= Work required =
From the entries below, please output exactly the lines starting at the one containing "Start Rite - Rhino" and ending at the one containing "Antique Japanese Meiji", both included.

= Information supplied =
- - - - - - -

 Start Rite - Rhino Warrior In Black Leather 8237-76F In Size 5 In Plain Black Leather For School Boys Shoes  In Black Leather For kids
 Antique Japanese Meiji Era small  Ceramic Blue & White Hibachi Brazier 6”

- - - - - - -

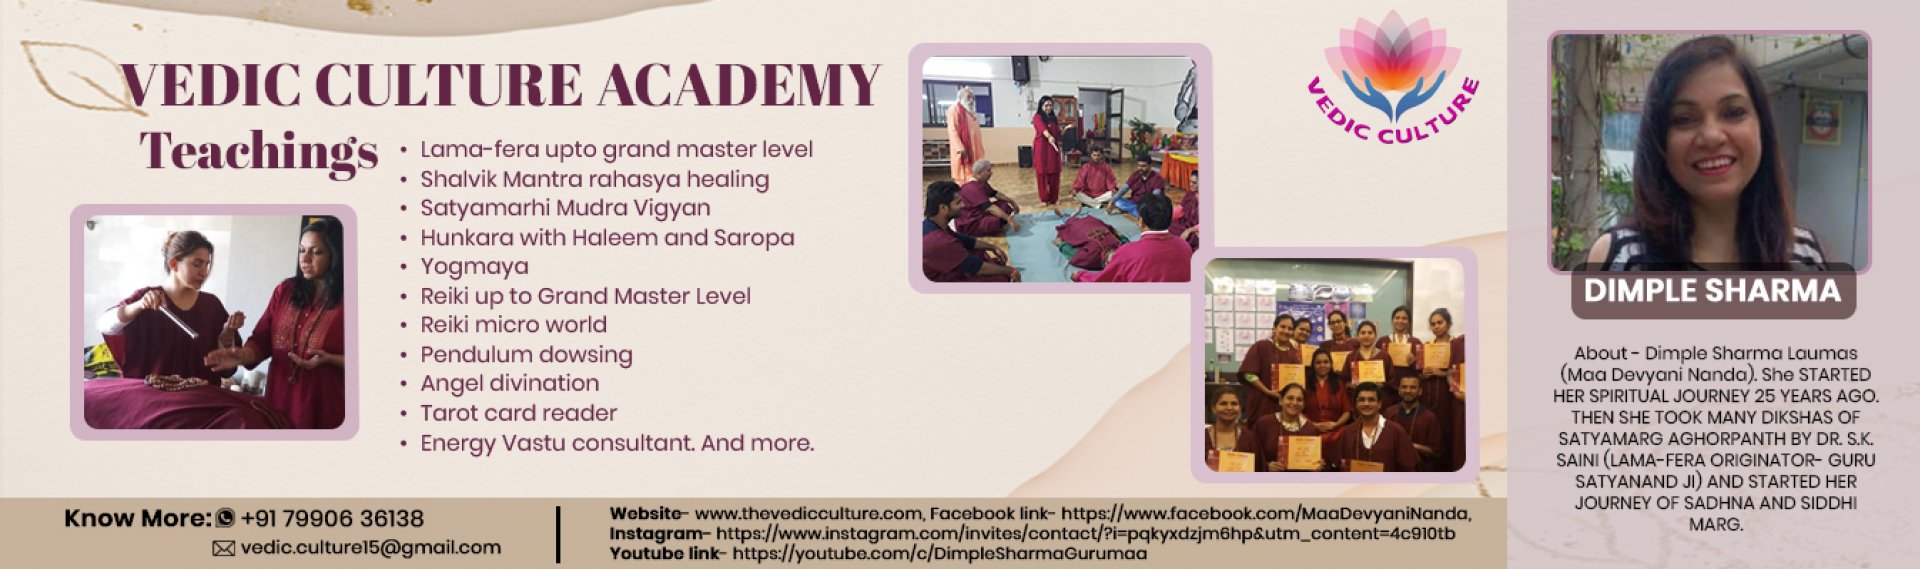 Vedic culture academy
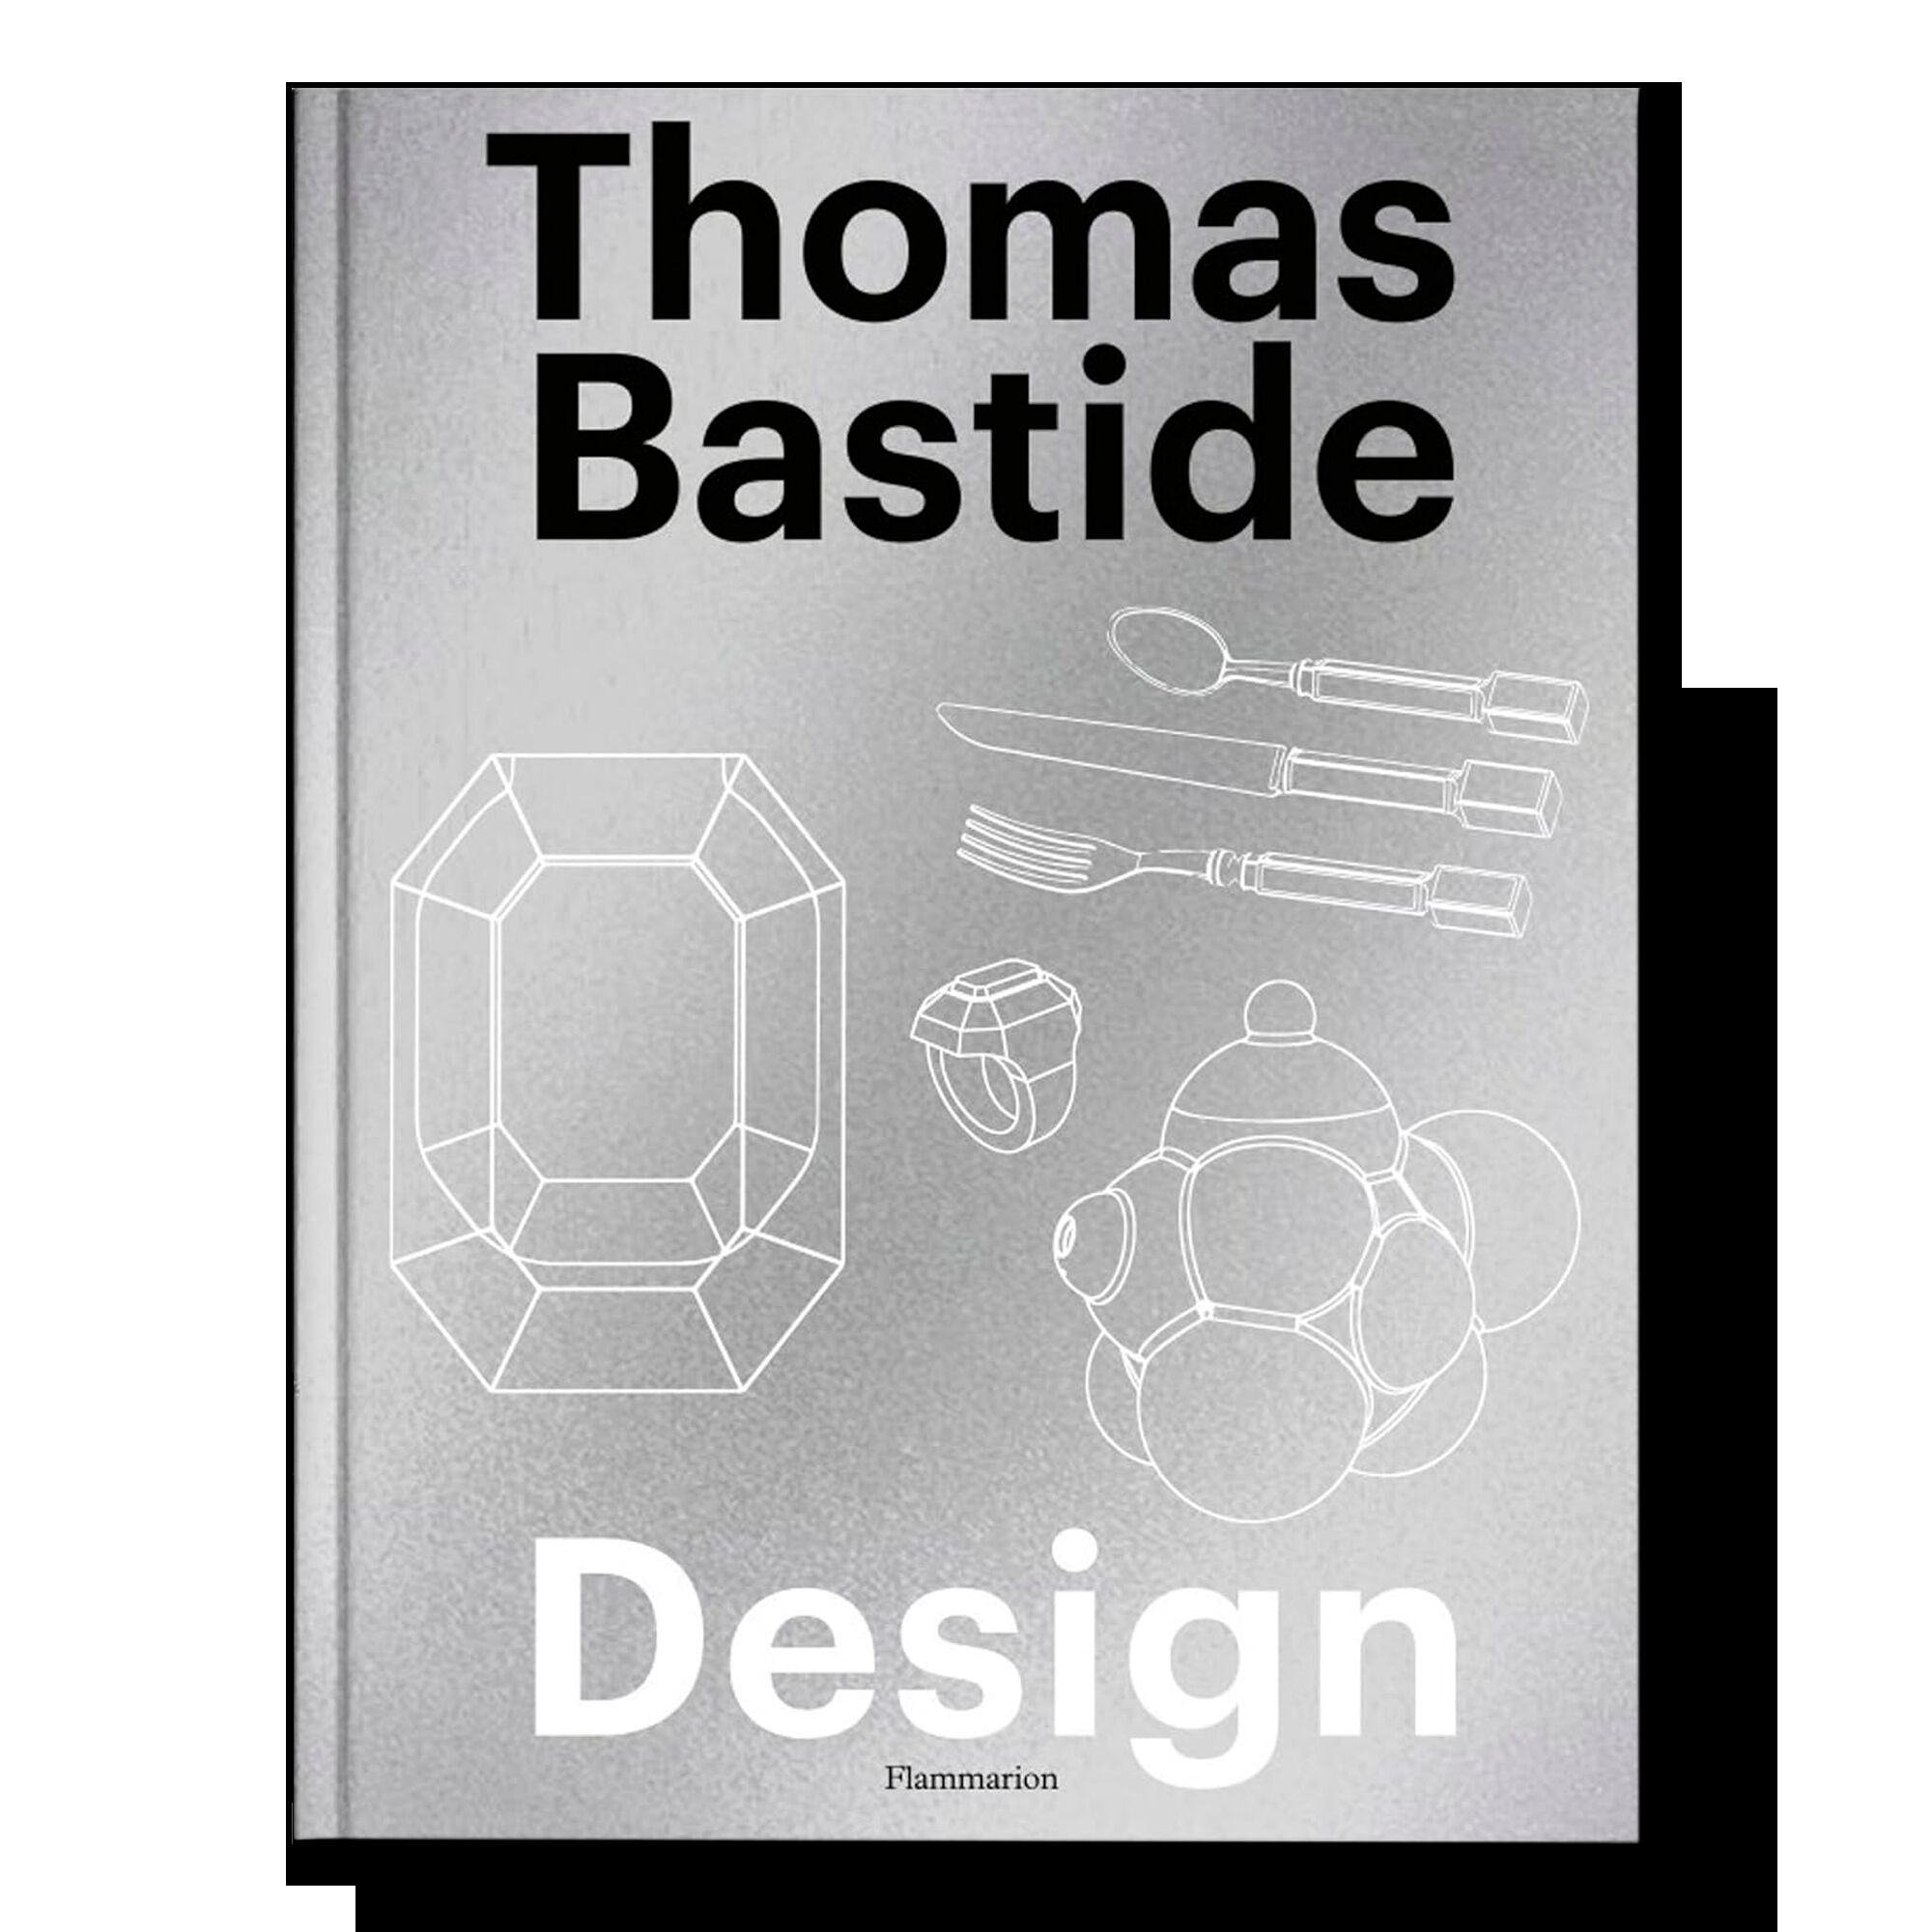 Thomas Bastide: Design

- - - - - - -

= Expected answer =
 Start Rite - Rhino Warrior In Black Leather 8237-76F In Size 5 In Plain Black Leather For School Boys Shoes  In Black Leather For kids
 Antique Japanese Meiji Era small  Ceramic Blue & White Hibachi Brazier 6”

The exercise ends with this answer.